Fitness Coach Debunks Cardio Myth: 'Run 50 km, Go to Hospital'
Coach Reveals Real Fat Loss Formula Beyond Cardio

For countless individuals embarking on a weight loss journey, the default strategy often involves grueling hours of cardio. Long-distance running, exhaustive cycling sessions, and high-intensity crash workouts have long been synonymous with burning fat. However, despite this monumental effort, many are left feeling drained, prone to injury, and disappointed by the lack of lasting transformation.

The Real Formula for Losing Fat

Challenging this widespread approach, Pune-based fitness coach Anish Palesha recently took to Instagram to demystify what he calls the true mechanics of sustainable fat loss. In a video that has sparked conversation, he critiqued the over-reliance on extreme cardio. "Run 50 km, and your stomach will go in. Bro, this won't make you fat, but you'll go straight to the hospital. You are playing the game wrong," he stated bluntly.

Palesha then introduced his perspective on "the real fat loss formula." He emphasized that the process is not merely about burning calories. "The game of fat loss is not just calorie burn. It depends on hormone regulations, muscle retention, and energy balance," he explained. According to him, a fundamental misunderstanding of the "relationship between cardio and fat loss" is where many go astray.

His recommended framework shifts focus towards a balanced regimen. This includes incorporating "zone 2 cardio" for building a strong aerobic base, integrating short bursts of high-intensity interval training (HIIT), and prioritizing strength work. The latter is crucial for building muscle, which in turn elevates the body's resting metabolic rate. Palesha concluded that effective fat loss combines "calorie deficit, plus strength training, plus smart cardio."

Why Building Muscle Trumps Endless Cardio

Echoing this modern fitness philosophy, Sadhna Singh, a senior fitness and lifestyle consultant at HereNow Official, elaborated on the science. "Muscle building is one of the most critical components of sustainable fat loss because muscle tissue is metabolically active," she told indianexpress.com. "When you increase lean muscle, your resting metabolic rate goes up, which means your body burns more calories even when you are not exercising."
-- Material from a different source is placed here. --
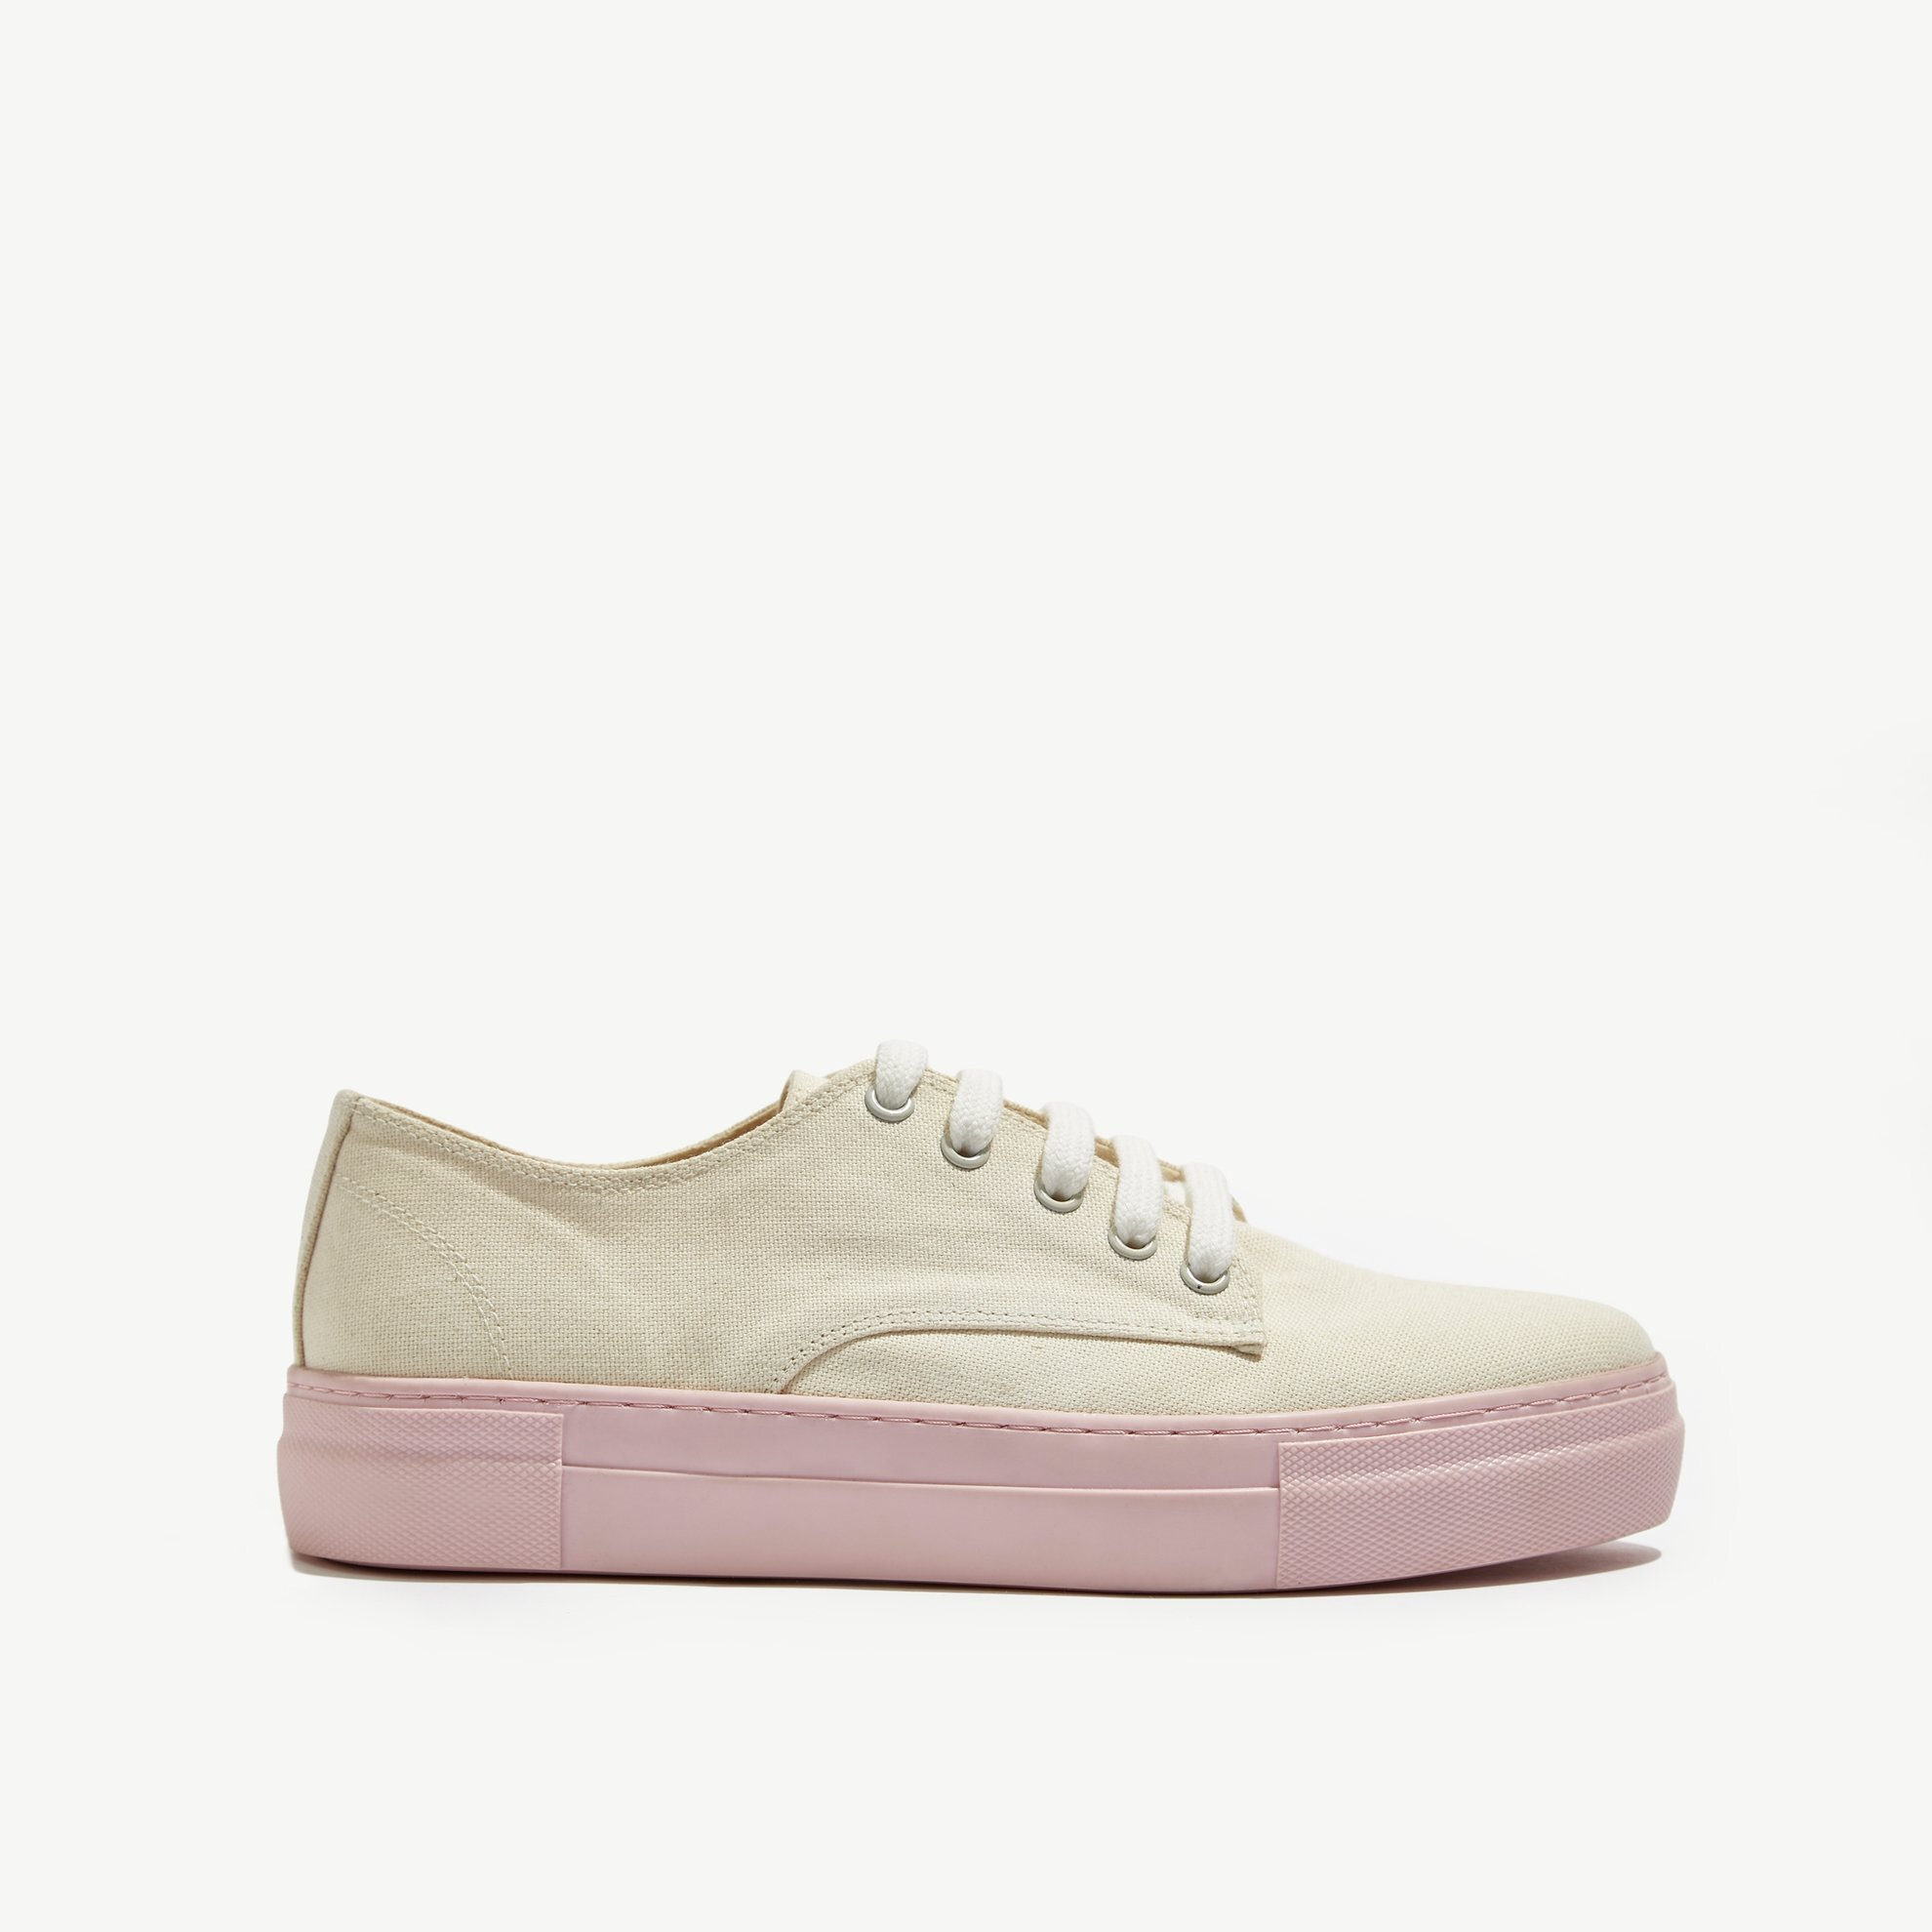 Kumaş Spor Ayakkabı

She contrasted this with the effects of prolonged cardio. "Endless cardio may burn calories in the moment, but it does not create long-term metabolic change," Singh noted. She highlighted that strength training improves insulin sensitivity, reduces inflammation, and supports better hormone regulation, creating a more conducive environment for consistent and permanent fat loss.

Hormones, Energy Balance, and a Smart Start

Singh further clarified that while fat loss is fundamentally driven by energy balance (calories in versus calories out), hormones act as the key regulators of how efficiently the body responds. Factors like high cortisol, poor sleep, thyroid issues, or insulin resistance can significantly slow down progress, even with diligent diet and exercise.

She also warned against excessively low-calorie diets, noting that the body can adapt by lowering its metabolic rate, stalling weight loss. For beginners looking to implement these principles safely, Singh advised starting with low-intensity zone 2 cardio to build foundational fitness without joint stress. Short HIIT sessions can also be suitable, she added, provided one focuses on proper form, uses low-impact variations, and allows for adequate recovery. She strongly recommended that individuals with pre-existing medical conditions consult a professional before attempting HIIT.

The overarching message from both the coach and the expert is clear: a strategic, multifaceted approach that values muscle preservation, hormonal health, and intelligent training is far more effective for long-term fat loss than the outdated mantra of simply "doing more cardio."

Disclaimer: This article is based on information from the public domain and expert insights. Always consult your healthcare practitioner before starting any new fitness or diet regimen.